Abstract
With the increase in information technology use, problems related to the security of these technologies have become significant. Businesses are required to acquire information, use information technologies, and rely on the information they collected to continue their presence. The requirement of information technology use and related security problems cannot be ignored by both individuals and businesses. One of the industries with large data pools is the tourism industry. Thus, the protection of personal or corporate information is a process that should be managed especially for businesses. In order for this management process to be successful, it is necessary for the corporations to have security policies that are supported by the senior management, possible to implement and understand, and accepted at all corporate levels. Thus, the present study aimed to explain the significance of information security, especially the security of the information in the tourism industry, which is as an important part of the service industry.
TopBackground
Before defining the concept of information, it is necessary to define the concept of data, which is a sub-concept of information. Canbek & Sağıroğlu (2006) defined data as unassociated knowns about a case, or in short, signals and/or bit streams in digital media.

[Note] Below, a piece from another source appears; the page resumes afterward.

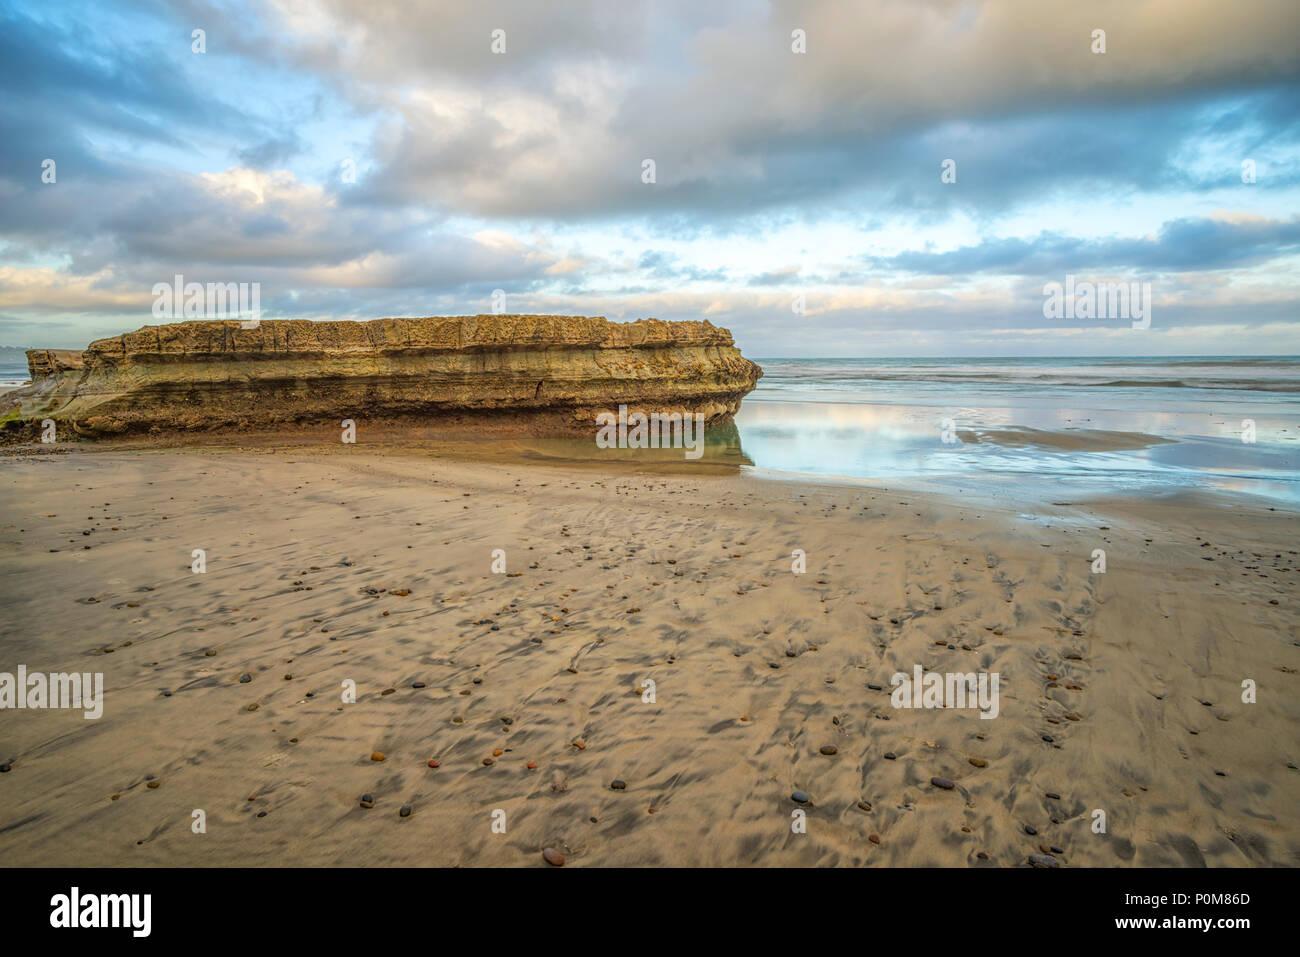 Torrey Pines State Beach, La Jolla, California, USA. A view of Flat Rock. - Stock Image

Information is obtained by the analysis of the raw data by individuals. Individually stored information has no value. In order to acquire a value, information must be in interaction with information produced by others (Gürcan, 2014). Thus, valuable information should be protected.
In brief, information security includes the protection of confidentiality, integrity and accessibility of information (Doğantimur, 2009). Confidentiality means that the information is stored and accessible only by authorized individuals. Integrity is the storage of information without being corrupted, changed or deleted. Accessibility refers to easy access to information by authorized individuals (Tatar, 2015). These three conditions must be met in order to ensure information security. Violation of the confidentiality, integrity, and accessibility of stored information by unauthorized individuals (cyber security events or cyber-attacks) creates a major threat. Here, the threat is the probability of damage and requires taking measures (Bağcı, 2016).
Key Terms in this Chapter
Information: Communication or reception of knowledge or intelligence.
Data: Facts and statistics collected together for reference or analysis.
Information Security: The state of being protected against the unauthorized use of information, especially electronic data, or the measures taken to achieve this.
ISO 27001:2005: A specification for an information security management system which is a framework of policies and procedures that includes all legal, physical and technical controls involved in an organization’s information risk management processes.
Tourism: The act and process of spending time away from home in pursuit of recreation, relaxation, and pleasure, while making use of the commercial provision of services.
Knowledge: Facts, information, and skills acquired through experience or education; the theoretical or practical understanding of a subject.
Cybersecurity: Cybersecurity is the practice of protecting systems, networks, and programs from digital attacks.